+++ INFORMATION PROVIDED

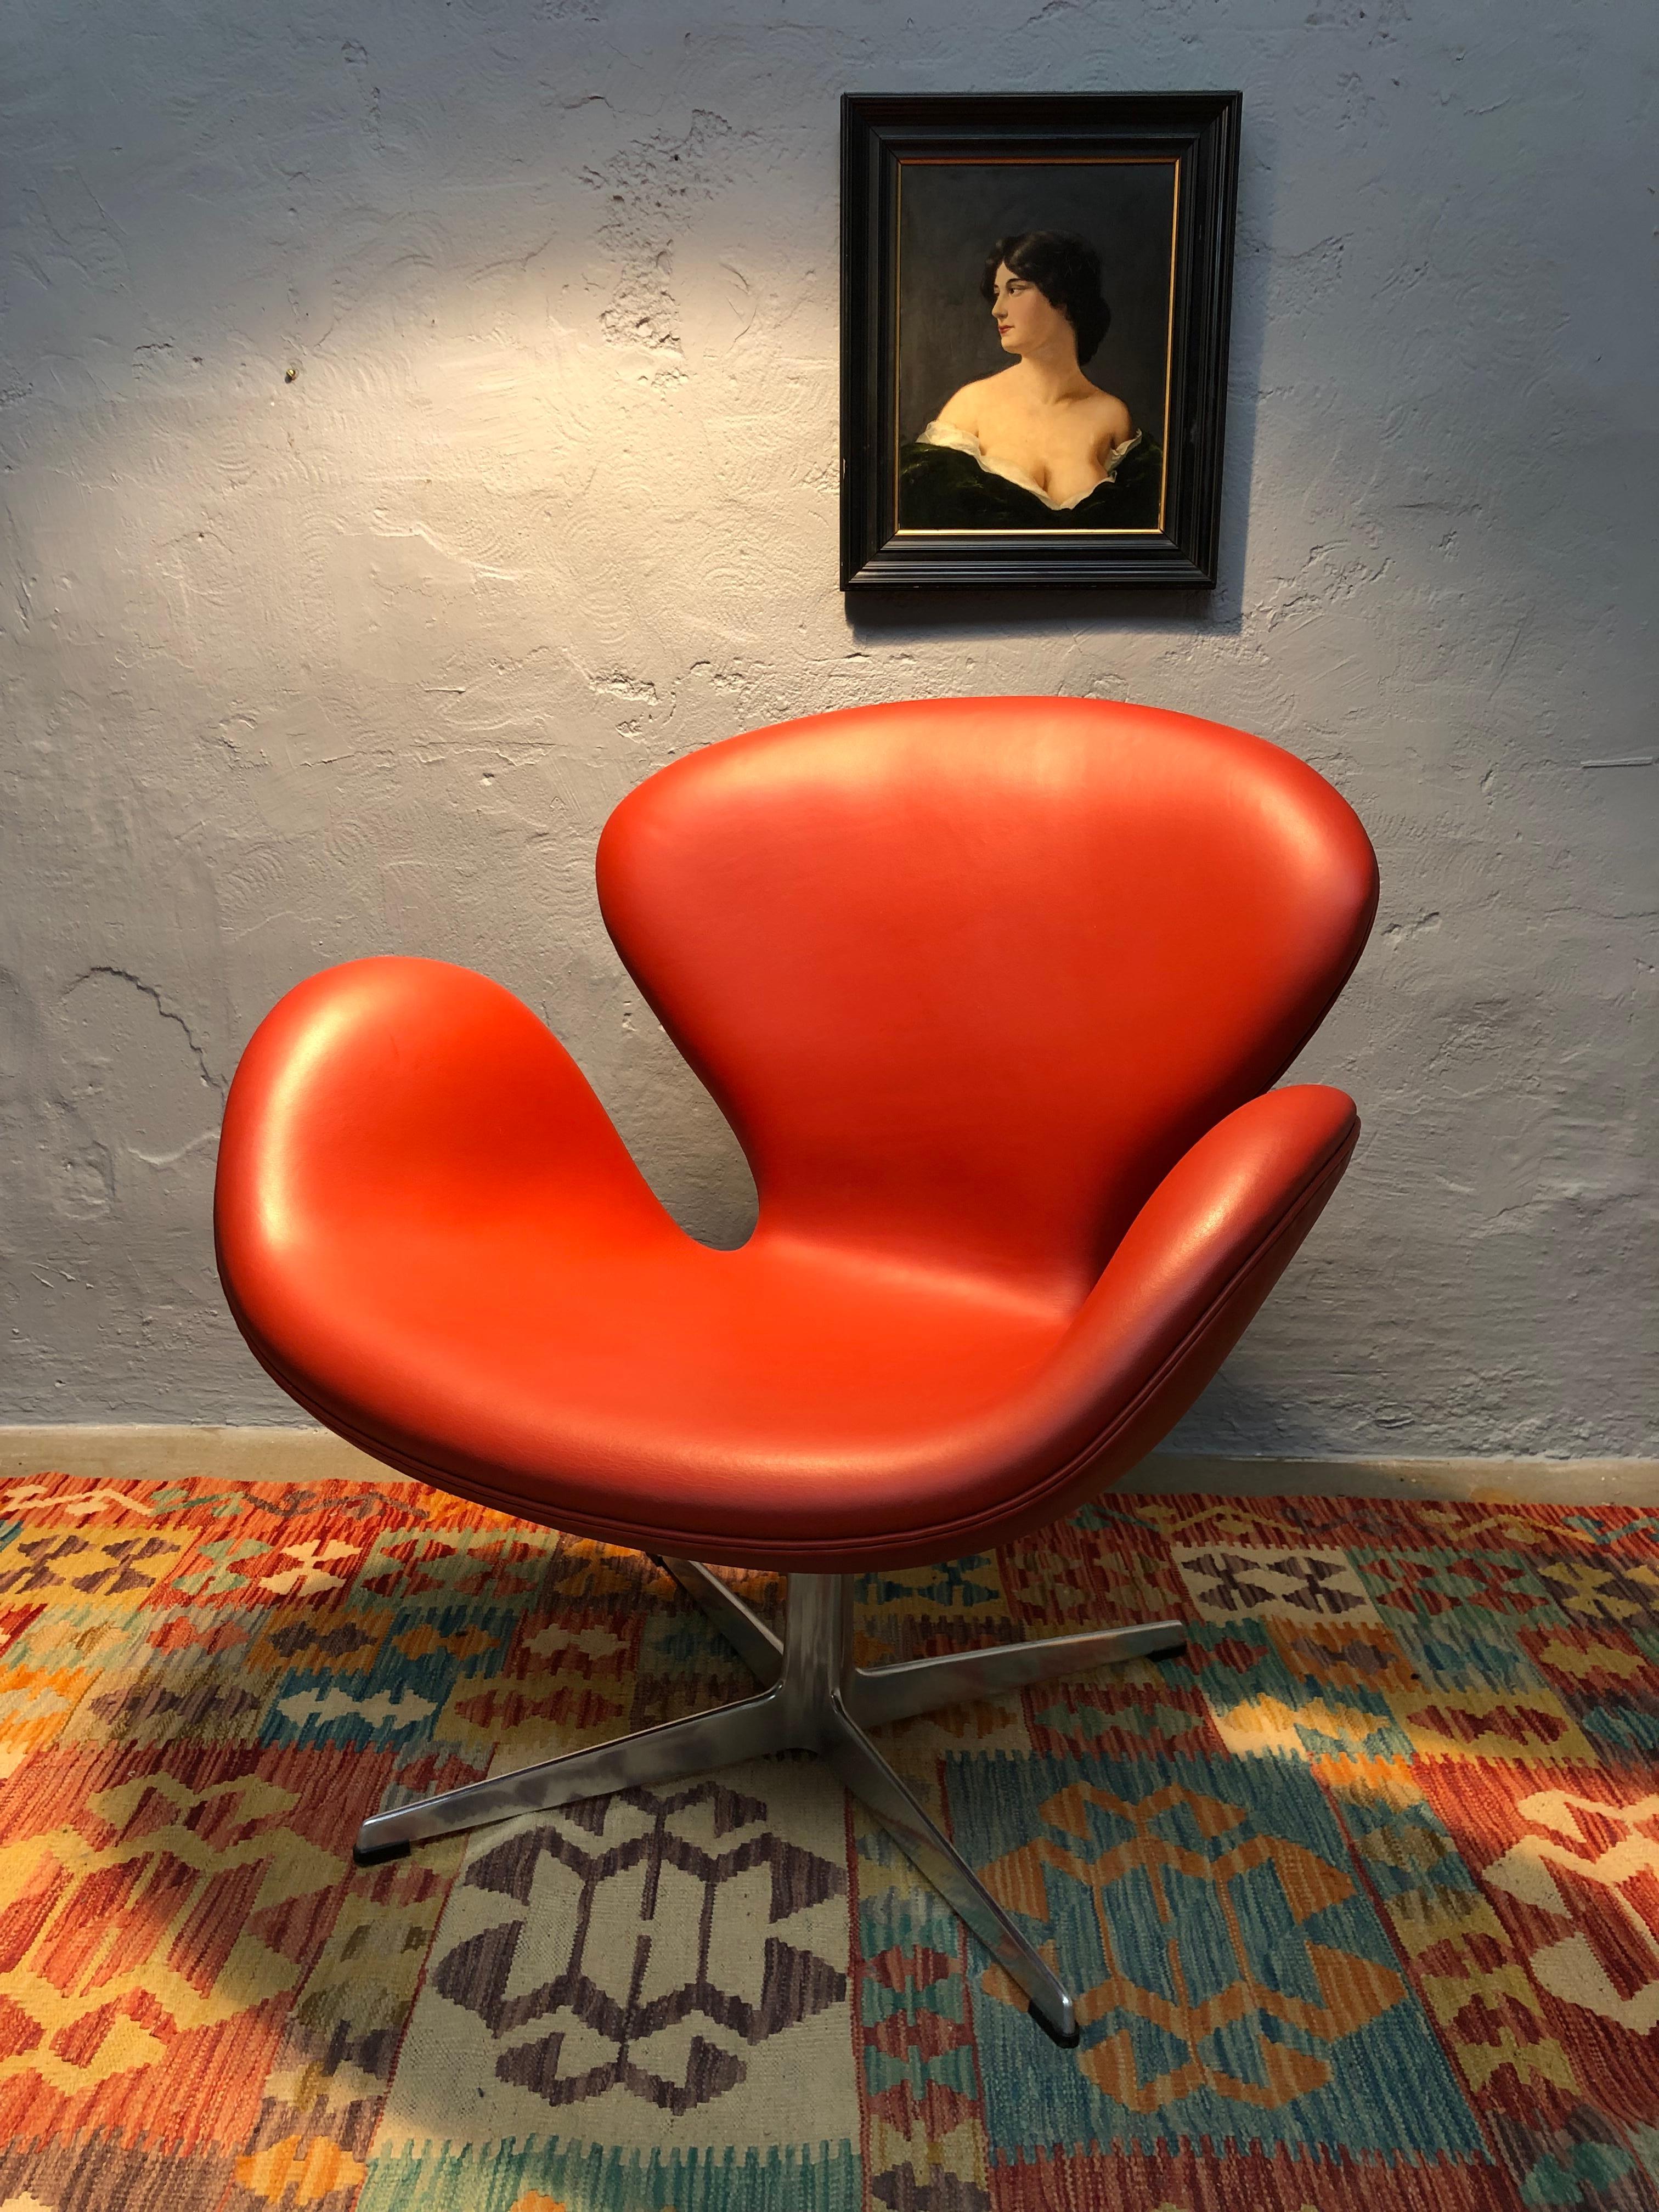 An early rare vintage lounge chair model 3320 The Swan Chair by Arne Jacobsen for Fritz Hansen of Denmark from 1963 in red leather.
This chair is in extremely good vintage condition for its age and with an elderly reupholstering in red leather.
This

++++++

__WHAT YOU SHOULD DO__: Check the listing for the word "This". Show each line that has it.

__RESPONSE__:
This chair is in extremely good vintage condition for its age and with an elderly reupholstering in red leather.
This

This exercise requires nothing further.